§ **RECORDS SHOWN**:
··········

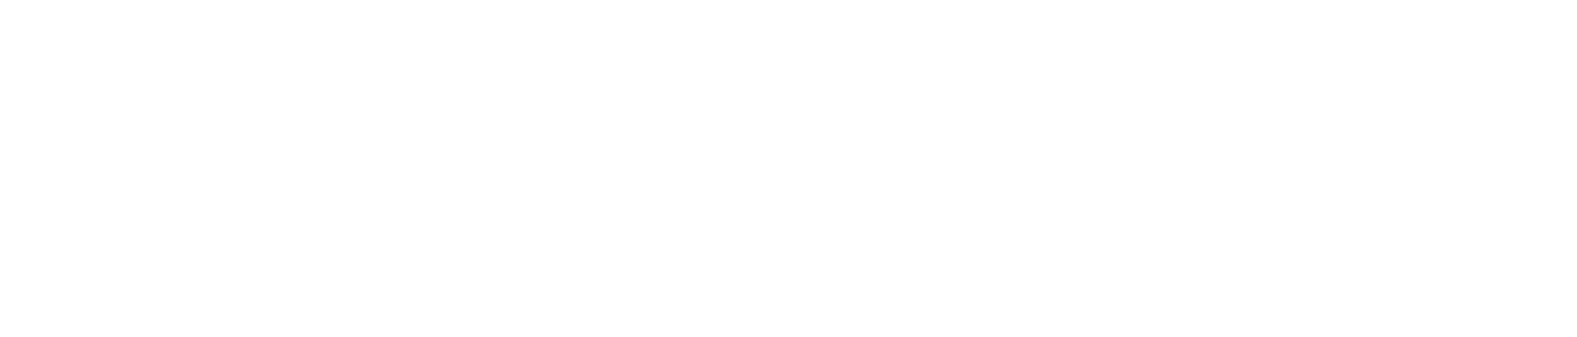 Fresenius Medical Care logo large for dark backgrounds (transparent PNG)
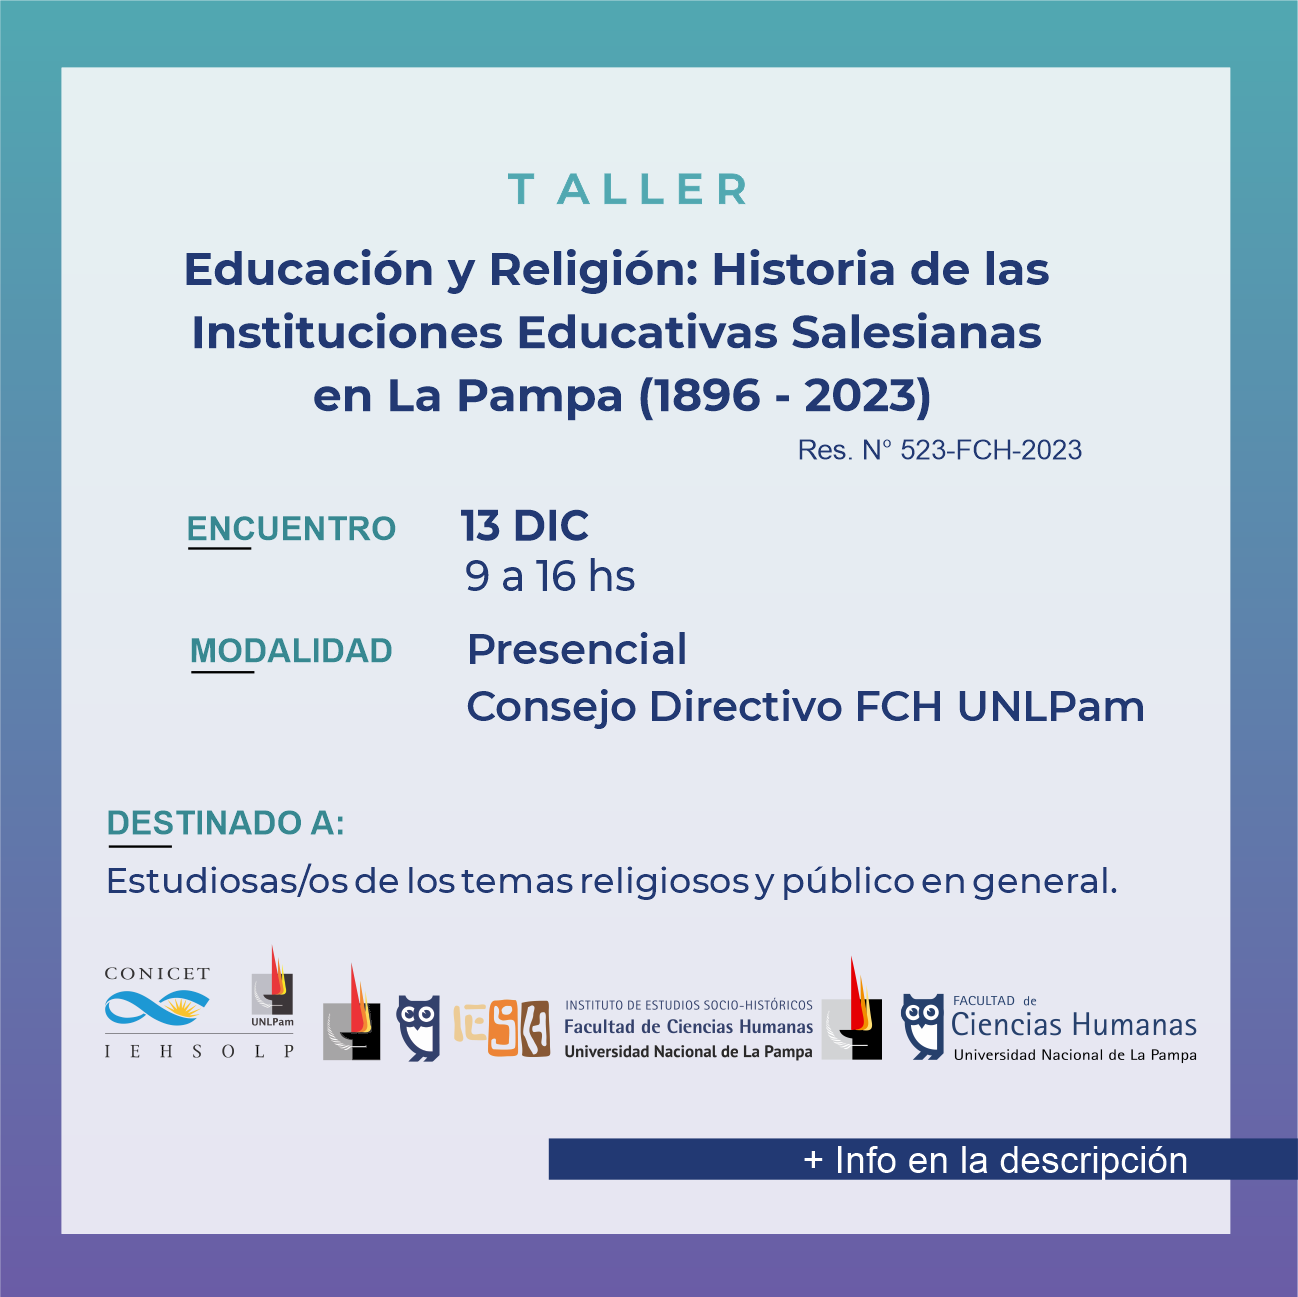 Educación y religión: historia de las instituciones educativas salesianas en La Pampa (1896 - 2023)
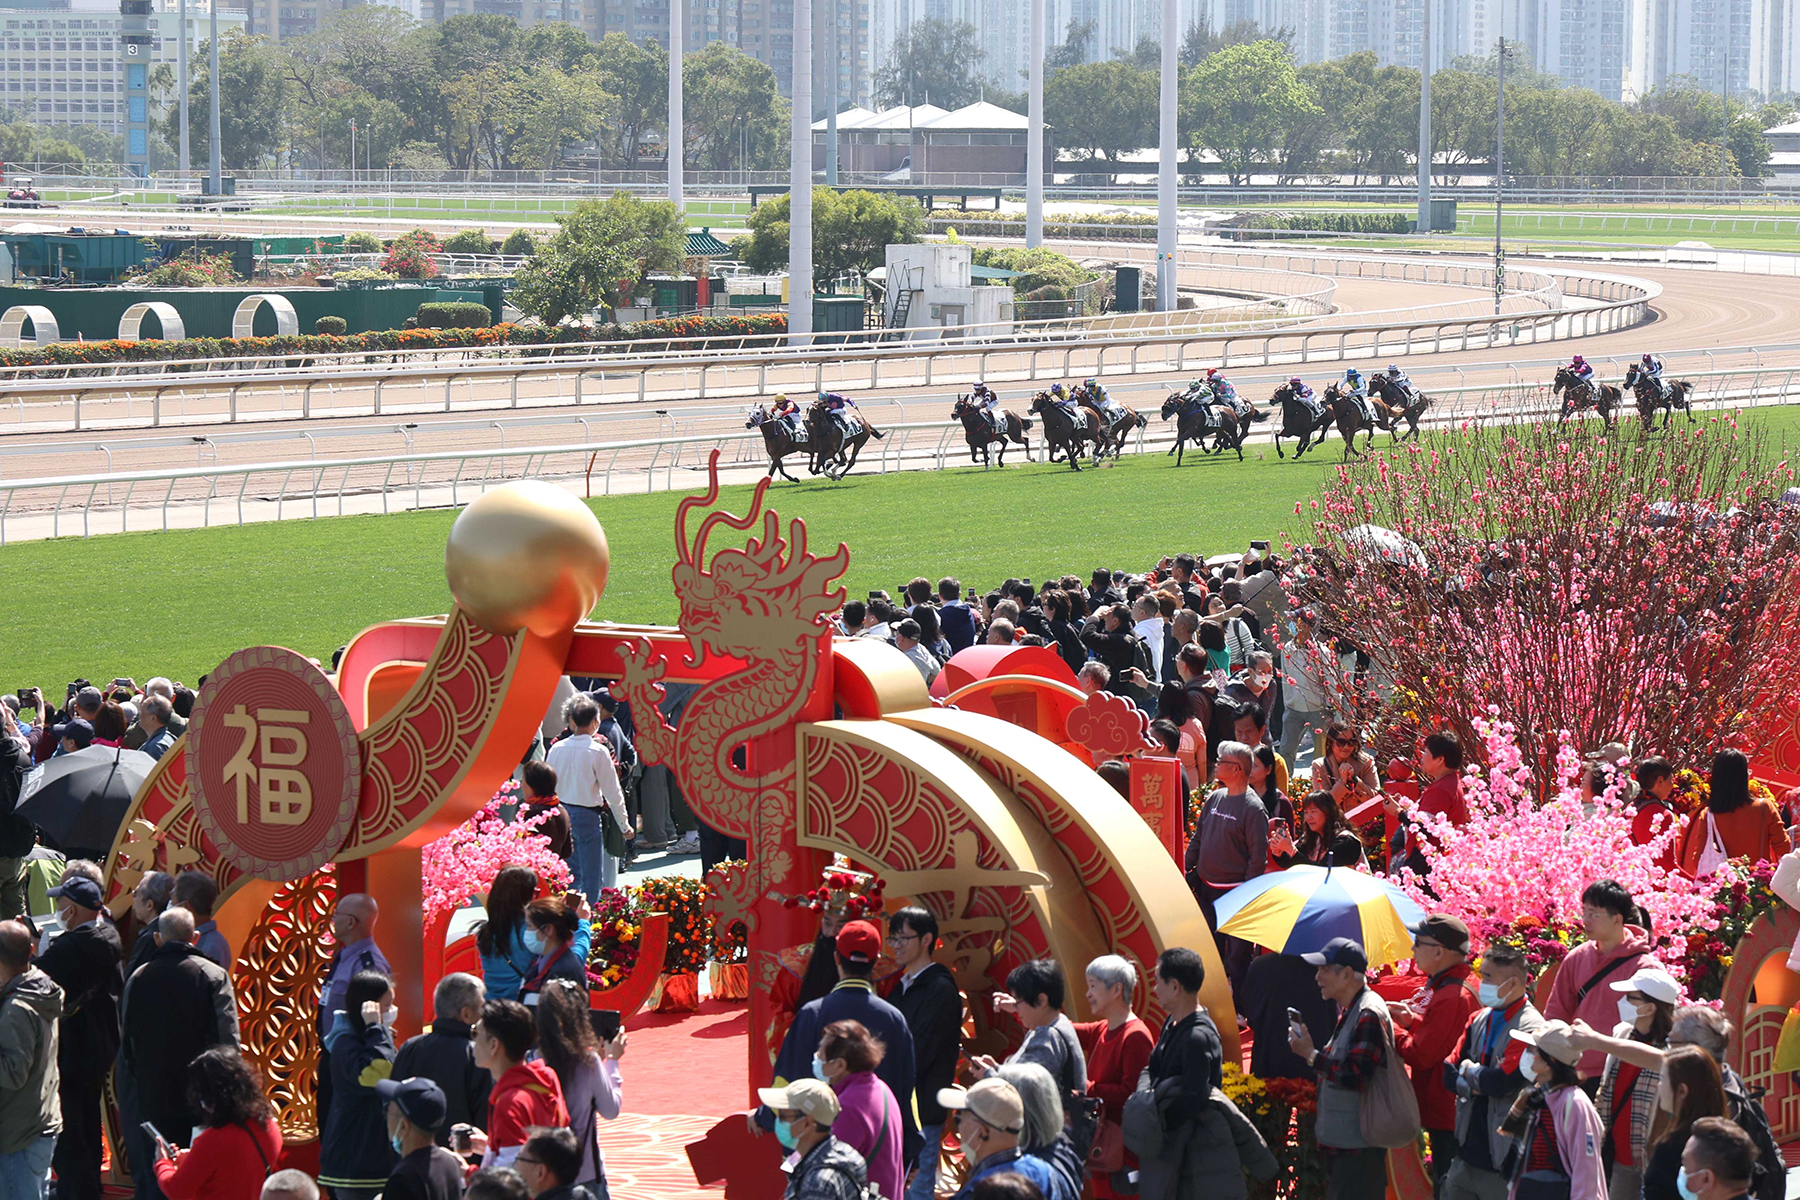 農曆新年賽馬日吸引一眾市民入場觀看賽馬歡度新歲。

··········

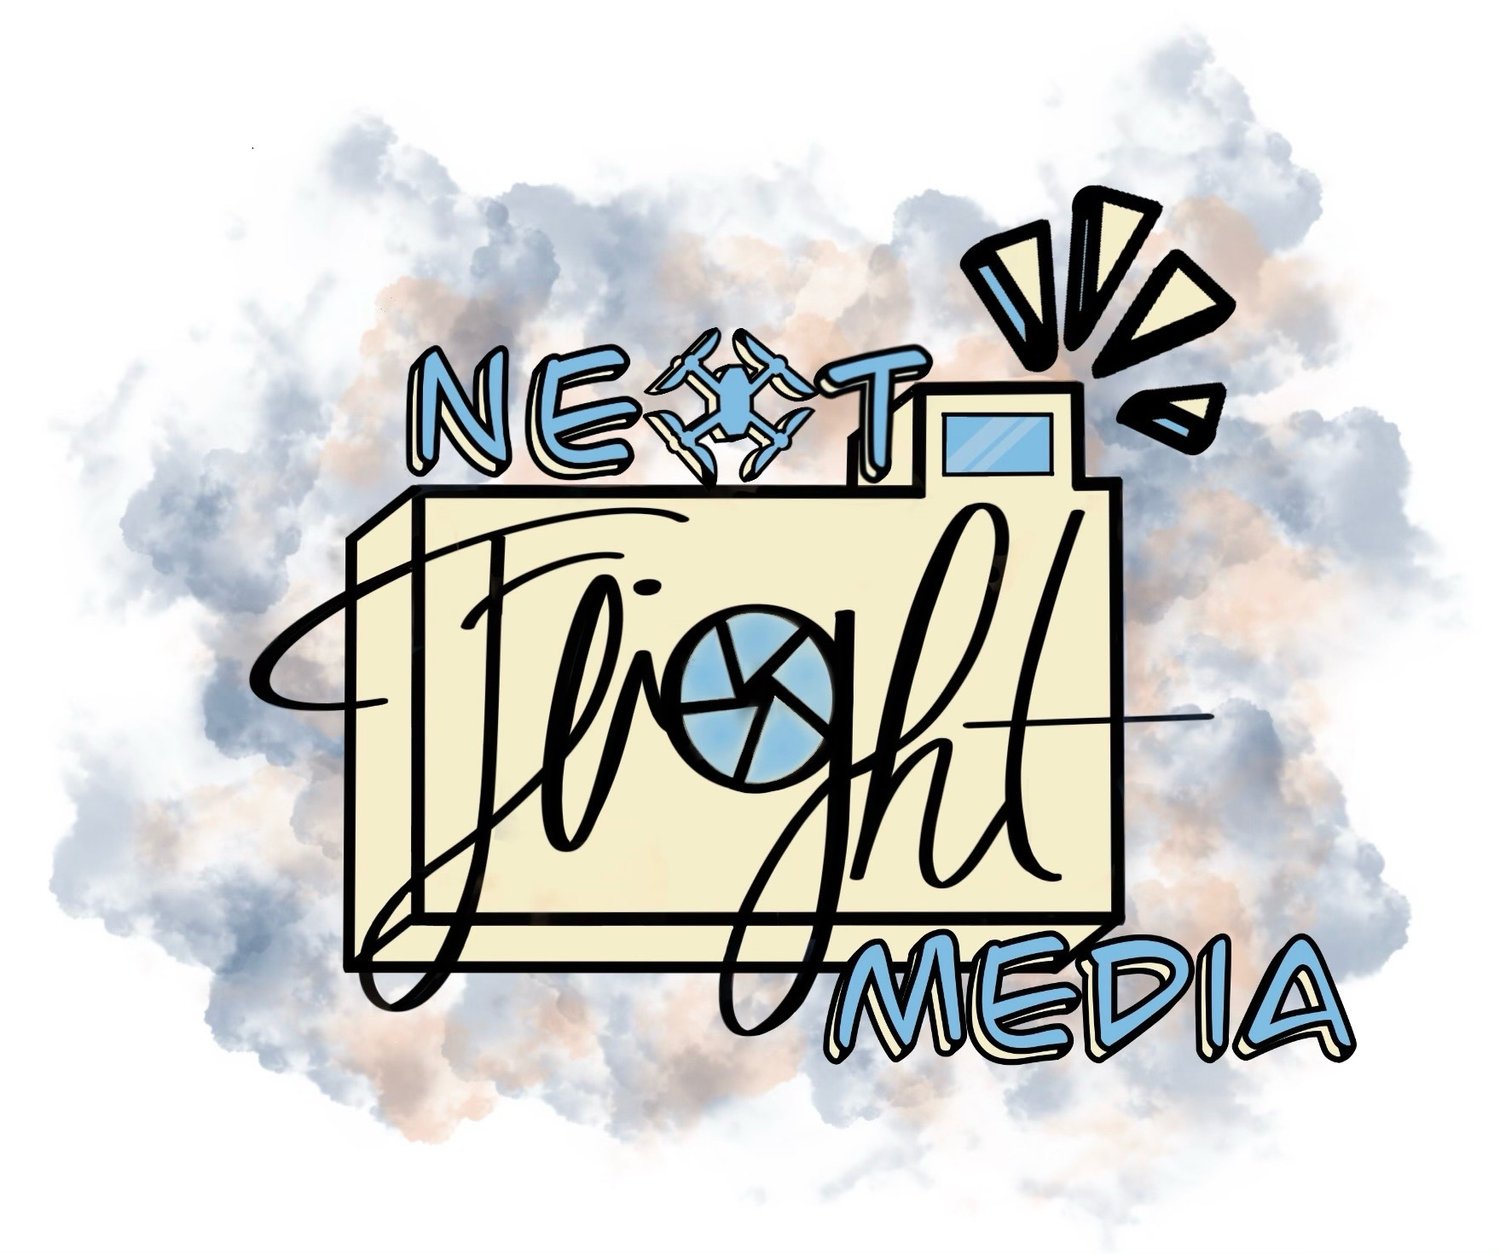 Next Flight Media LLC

··········

§ **WHAT YOU WILL DO**: From the entries above, copy exactly the lines starting at the one with "Educación y religión: historia" and stopping at the one with "農曆新年賽馬日吸引一眾市民入場觀看賽馬歡度新歲。", keeping both ends. Drop the pictures.

§ **FINISHED TASK**:
 Educación y religión: historia de las instituciones educativas salesianas en La Pampa (1896 - 2023)
 農曆新年賽馬日吸引一眾市民入場觀看賽馬歡度新歲。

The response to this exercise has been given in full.